It is written in C++, but there are interfaces for R (planned via CRAN) and for Python (currently not online yet, planned via conda-forge).

A more detailed description about the library can be found in the API documentation. There is also a tutorial about the basic usage. Please have a look. See below for how to make the documentation.

Build

Note: This repository uses submodules, so clone with:

git clone --recurse-submodules URL

# or in two separate steps:
git clone URL
cd imagefusion
git submodule update --init --recursive

This project uses CMake as build system and should work on Windows, Linux and Mac. In order to compile the library you need a compatible compiler like gcc or clang (Boost did not support clang on Windows some time ago), which supports C++17. Then you need some dependencies:

  • OpenCV
  • GDAL
  • Boost (Exception, ICL, Iterator, Tokenizer)
  • Armadillo (and OpenBLAS, if SPSTFM should run in parallel)
  • OpenMP (optional, only for parallelization, compiler should support OpenMP)
  • Boost Unit Test Framework (optional, only for test configuration)

For the documentation you need:

  • doxygen
  • graphwiz (for dot diagrams)
  • dia (for dia diagrams)
  • LaTeX (currently used for formulas)
  • ghostscript (only on windows)

Conda

Independent of the platform, you can build and install imagefusion using conda-build. The dependencies are all available as conda packages on conda-forge and will be installed automatically.

conda update conda

Install the build tool in your base environment:

conda install conda-build conda-verify

Then go to the directory containing the conda recipe

cd python/conda.recipe

Build the package using conda-forge dependencies.
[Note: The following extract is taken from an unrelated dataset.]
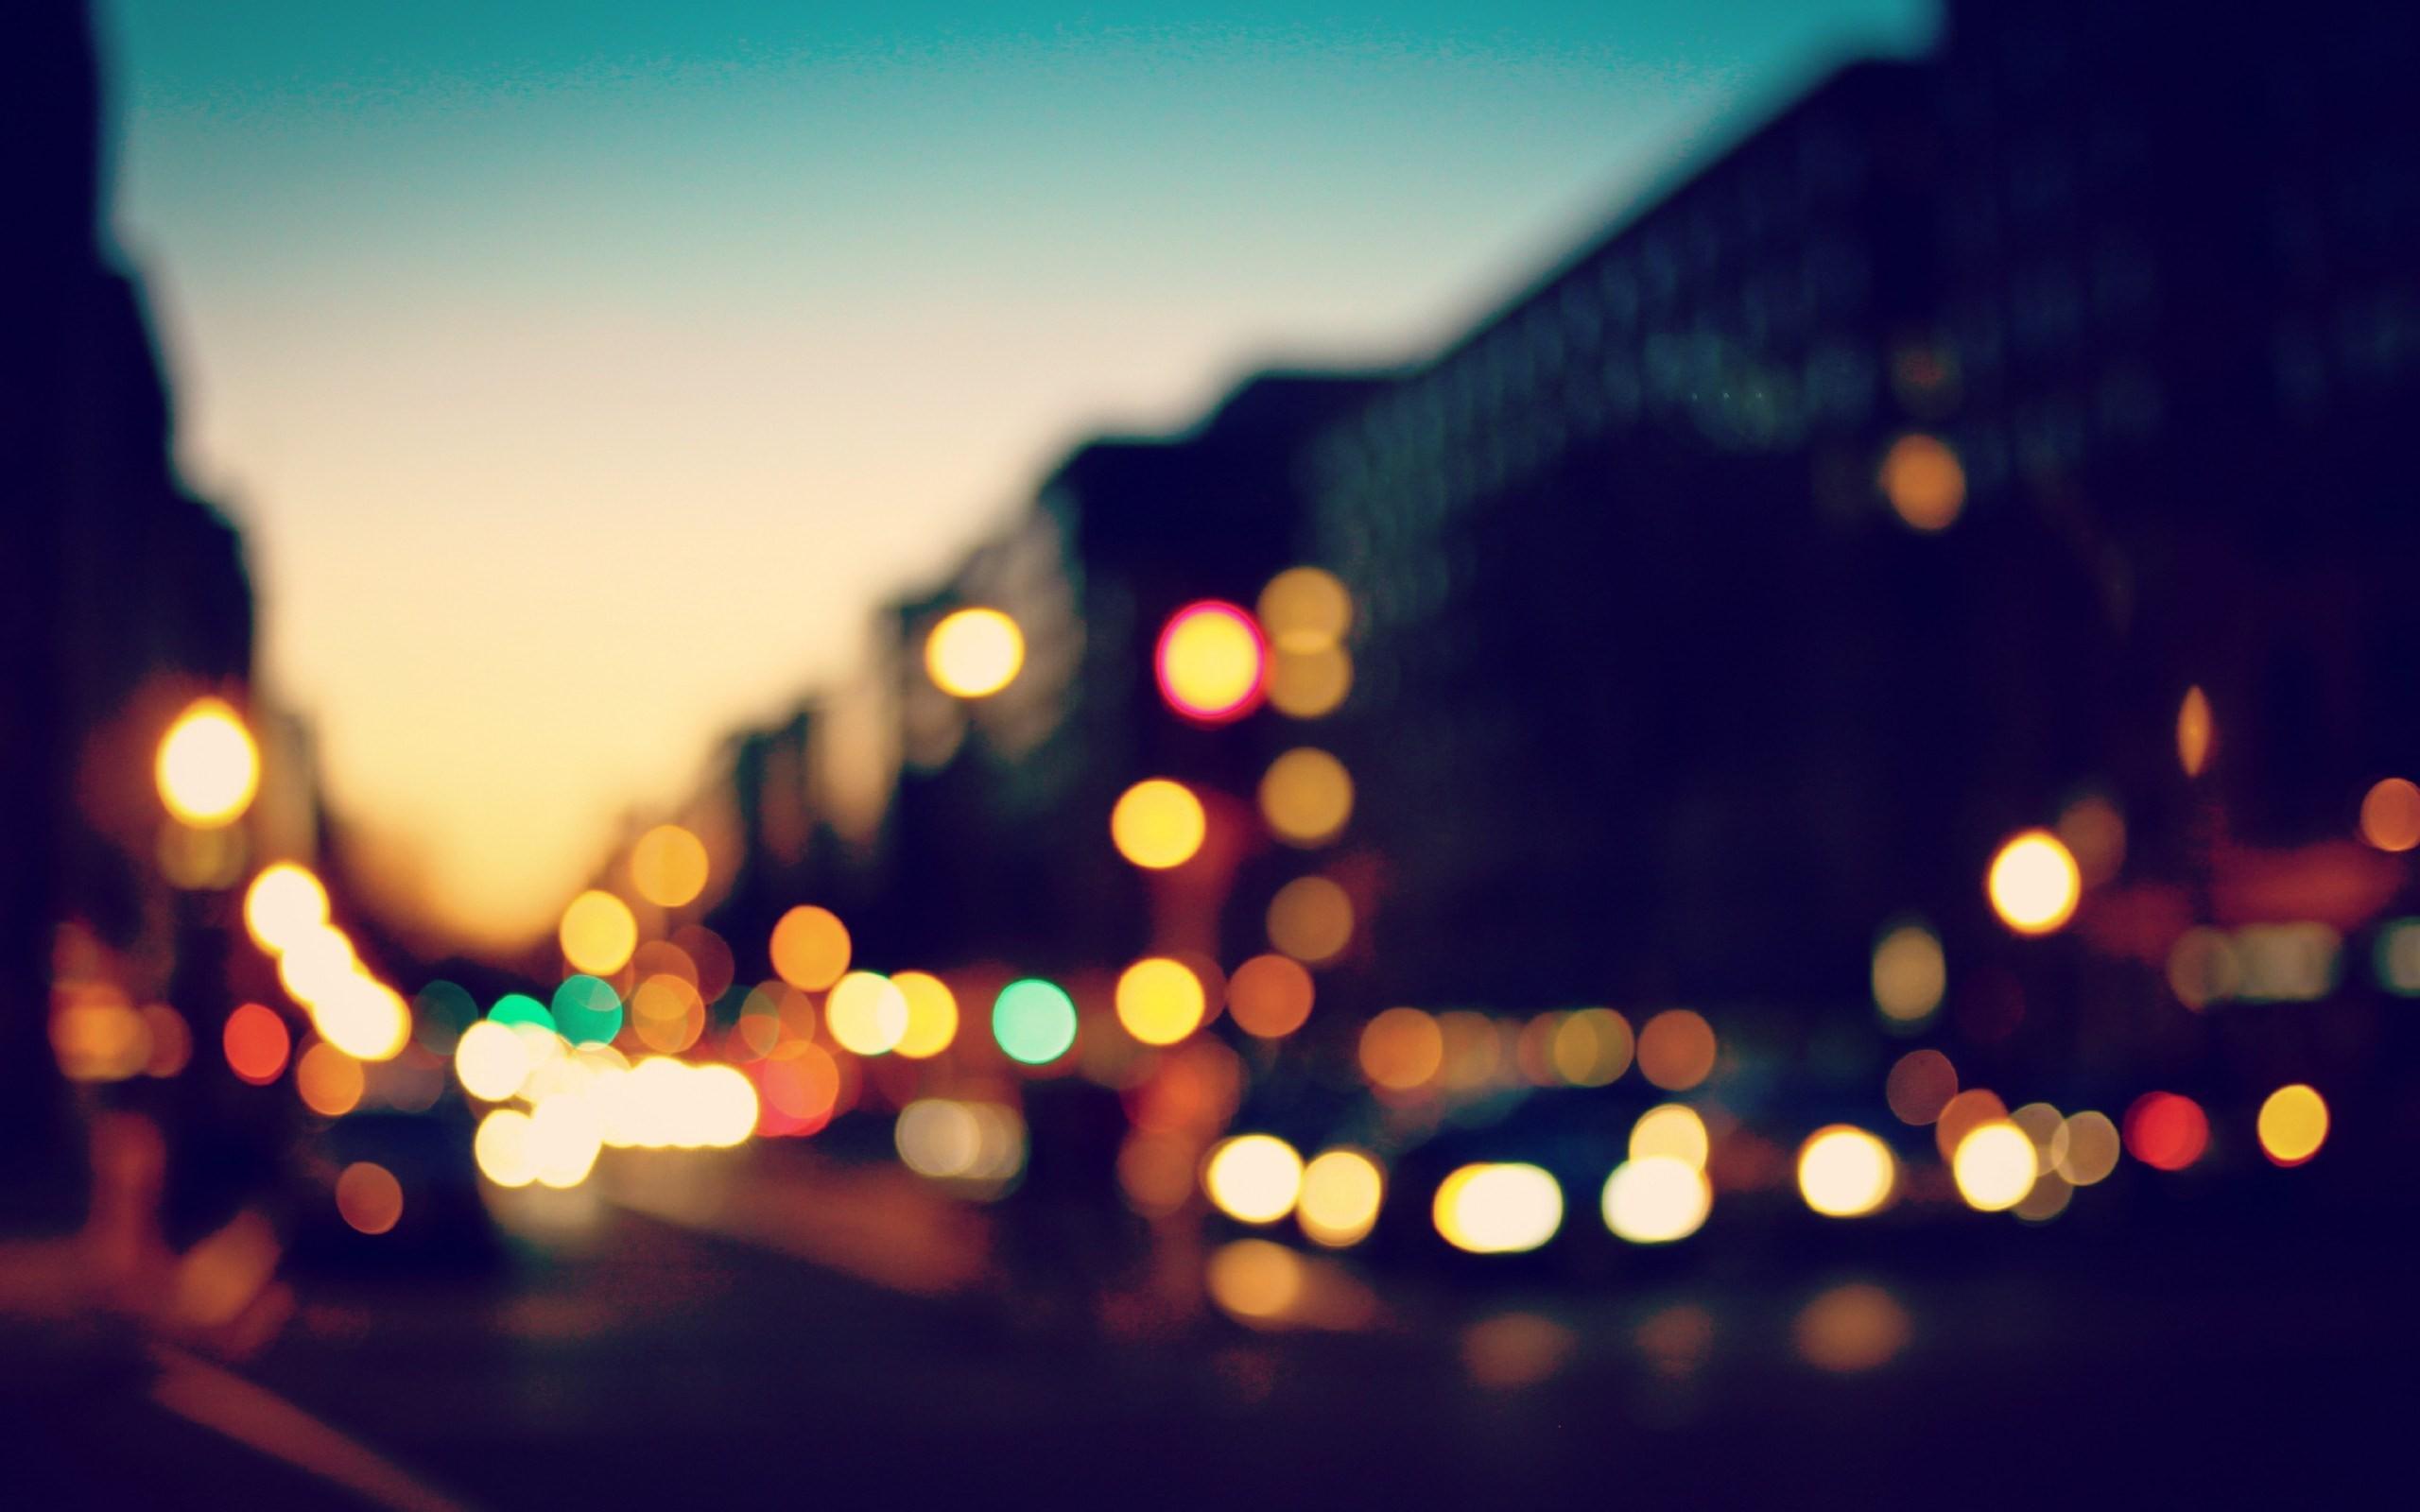 Amazing Wallpaper Night Evening - sunlight-city-night-evening-blurred-bokeh-dusk-light-color-lighting-darkness-150537  Graphic-12928.jpg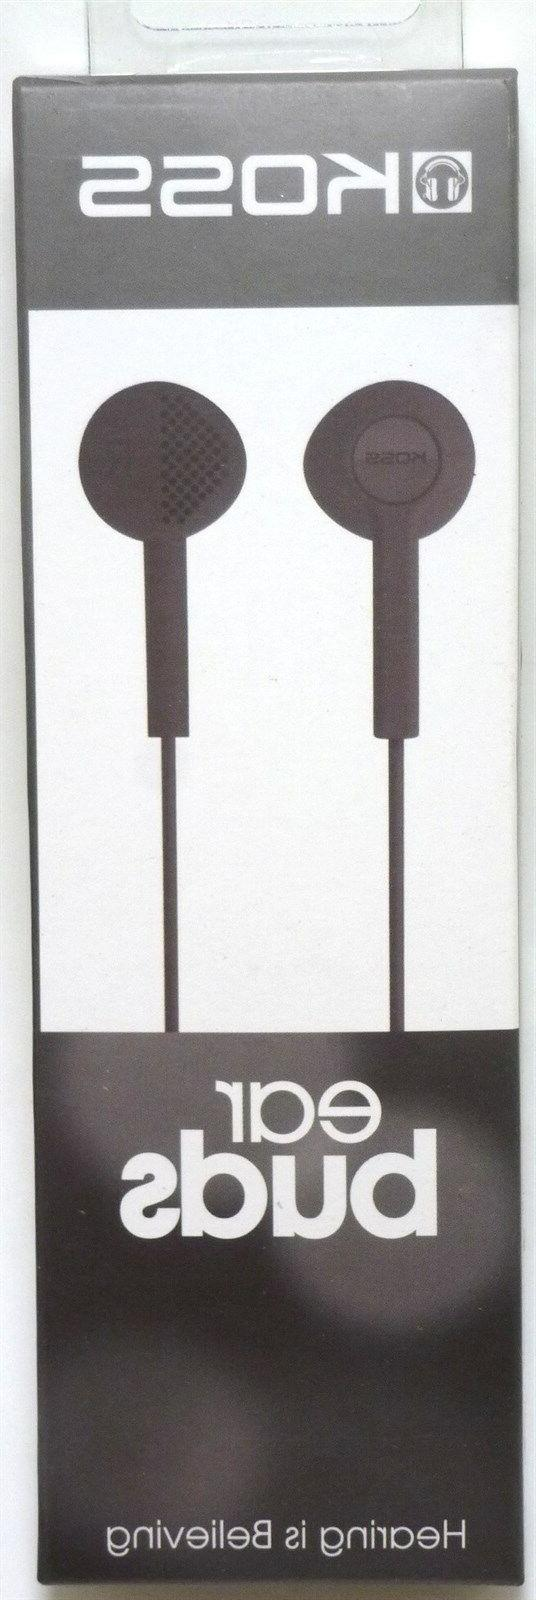 KE5K Earphone - Stereo - Black - Wired - 32 Ohm - 70 Hz 20 k

Either add the conda-forge channel permanently, as recommended here:

conda config --add channels conda-forge
conda config --set channel_priority strict
conda build .

However, this might lead to issues later on with other packages. So you can also choose conda-forge channel only for building:

conda build -c conda-forge .

This takes a while. When it is finished, you can install it into a new environment (--use-local and -c local do not work, currently, see: conda/conda/7758 conda/conda/7024):

conda create --name imfu -c conda-forge -c ${CONDA_PREFIX}/conda-bld/ imagefusion  # [linux or osx]
conda create --name imfu -c conda-forge -c %CONDA_PREFIX%/conda-bld/  imagefusion  # [win]
conda activate imfu

Or install it into the currently active environment:

conda install -c conda-forge -c ${CONDA_PREFIX}/conda-bld/ imagefusion  # [linux or osx]
conda install -c conda-forge -c %CONDA_PREFIX%/conda-bld/  imagefusion  # [win]

Or to reinstall:

conda install -c ${CONDA_PREFIX}/conda-bld/ --force-reinstall imagefusion-python imagefusion-utils libimagefusion  # [linux or osx]
conda install -c %CONDA_PREFIX%/conda-bld/  --force-reinstall imagefusion-python imagefusion-utils libimagefusion  # [win]

Now everything is there; utilities like starfm, the library, a CMake file to import the library in a C++ project and, most importantly, the python interface. Try it! Let's import the python interface:

(imfu) $ cd ../examples            # go to python/examples
(imfu) $ python starfm-example.py  # or execute another example

Or execute a binary utility:

(imfu) $ starfm --help

Linux

Ubuntu (20.04) and Debian (Buster) are supported, others should work with similar packages. Building in Linux is very easy. Assuming Ubuntu, install the build dependencies with

sudo apt install cmake g++ make libopencv-dev libgdal-dev libboost-all-dev libarmadillo-dev libopenblas-base libgomp1
# if you want to build with clang++ install these (optional, you would also have to set it as default compiler afterwards):
sudo apt install clang libomp-dev

and, optionally, the documentation dependencies with

sudo apt install doxygen graphviz dia texlive-full

Now go to the folder where this readme is located. Then do the following

mkdir build
cd build
cmake ..
make all -j 4    # -j 4 means 4 compiler jobs in parallel

which will build the library in lib/ and the utilities in bin/. For installation you can either install it directly or make a debian package. For direct installation use

sudo make install
# or when you are logged in as root with `su -` or `sudo -i` just:
make install

The default install path is /usr/local, which is the correct one for self compiled software. The all target includes the python interface, which gets installed to /usr/local/lib/python3/dist-packages/imagefusion/ by default when using the python from the linux distribution. To change the install path e. g. to ~/.local for a user installation use

cmake -DCMAKE_INSTALL_PREFIX:PATH=$HOME/.local ..
make install

or whatever you prefer as user install path. This does usually just work (it will install libimagefusion.so to ~/.local/lib and let the binaries find that library; you do not need to change LD_LIBRARY_PATH for the imagefusion binaries). You might want to add the local path ~/.local/bin in your profile file ~/.profile and source it with source ~/.profile.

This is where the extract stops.